Having visited Crater Lake for over five decades, there have
been many deficiencies  observed in The Maintenance Division 
from very poor retaliatory supervision to simply idiotic decisions.  
This is the same Division which allows its diesel fueled vehicles
to idle endlessly belching out fumes contaminating the once
purer air in Sleepy Hollow to even idling noisy diesel in front 
of Crater Lake Lodge early in the morning so guests are 
awakened to noise and fumes rather than clean air over 
The Sea of Silence.
 
One serious problem over the decades has been amateurish
maintenance of heavily used trails when poorly supervised
youth labor crews cut special ancient whitebark pines and added
to surface erosion by failing to install appropriate log or
stone barriers to storm water flow critical to proper
trail drainage.  Old whitebark pines truly deserve respect
by visitors and park staff.
 
Let's examine the heavily used and very popular
Garfield Peak Trail beginning at Crater Lake Lodge or The
equally popular Watchman Lookout Trail beginning at the 
west rim corrals parking and overlook.
The  Garfield Peak Trail has had many perilous points 
without proper barriers along the caldera edge where any 
slip or fall may end in certain death.  The peak area
of Garfield Peak has been seriously deflated by wind
erosion with no attempt to restore these special Lake
Viewpoints trampled by thousands of humans over the years.
 
 
When the Friends of Crater Lake were invited to provide
volunteer labor to place the Pacific Crest Trail along the
west caldera rim,  they actually did more damage to
the local flora by ripping out subalpine plants many
decades old and exposing the pumice surface to intense
wind erosion.  The foot and wind erosion is severe
at specific points along the caldera rim exposing the deep
roots of ancient whitebark pines. 
since the original surface soil has been deflated by several feet.
The PCT Trail along the west caldera rim needs only
to be Identified by vertical posts since the direction
of foot travel is obvious with a few signs requesting hikers to
stay on the trail vs widening, digging  the trail needlessly. 
Portions of this trail follow the Historic Rim Road Track. Very
old sub alpine plant communities need to be protected
and trashed adjacent sites restored. Growing seasons
are very short at the rim elevations over 7000 feet so
restoration projects require many years.
 

Other popular trails like The Cleetwood Lake Trail
need constant maintenance to minimize erosion.
This Lake Trail probably is the most used of all
Crater Lake Trails during
the short, busy summer season, but needs to
be surfaced with appropriate material to protect
fragile adjacent sites and to minimize erosional
sediments and contaminants input into Crater Lake itself.

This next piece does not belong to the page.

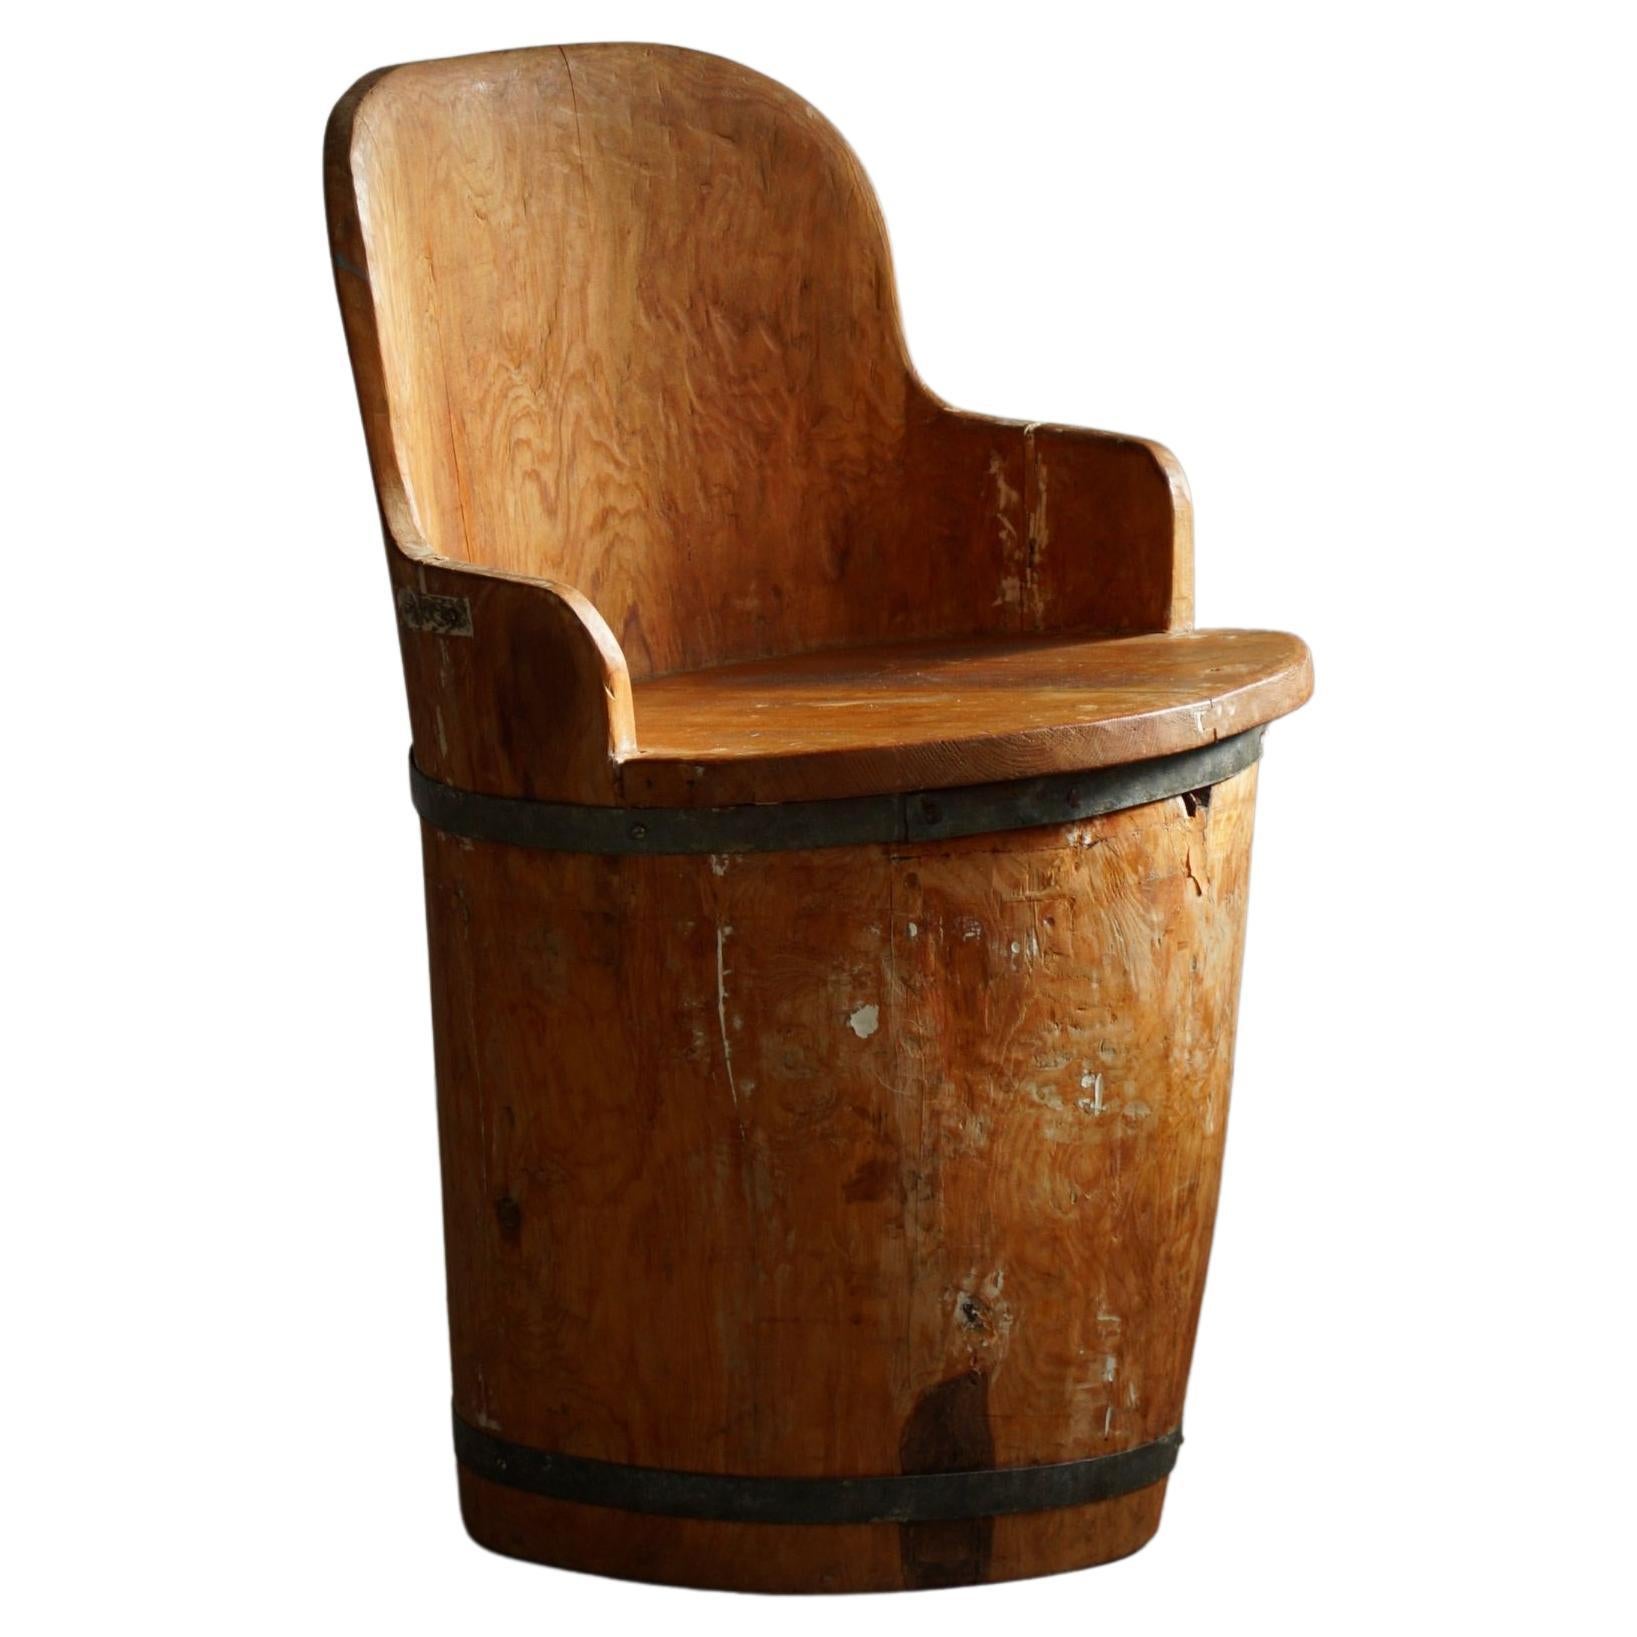 Mid 20th Century Wabi Sabi Stump Chair in Pine, by a Swedish Cabinetmaker, 1950s

One of the proposals outlined in the Scoping Newsletter is to convert the Grayback Drive to a hiking/mountain bike trail.  While I've used this road on several occasions, I don't know how much use it gets and repurposing it as a trail may have its advantages, including minimizing impacts by removing vehicles from this section of the park.

Five of the proposed trails are barrier-free (Pumice Desert, North Junction, Grotto Cove, Castle Creek Canyon and Mazama Campground Loop).

This is the scoping phase, so this is the best time for everyone to voice their views to the Park Service; waiting until the EA to come out next year is a tad too late to make any meaningful changes to the plan.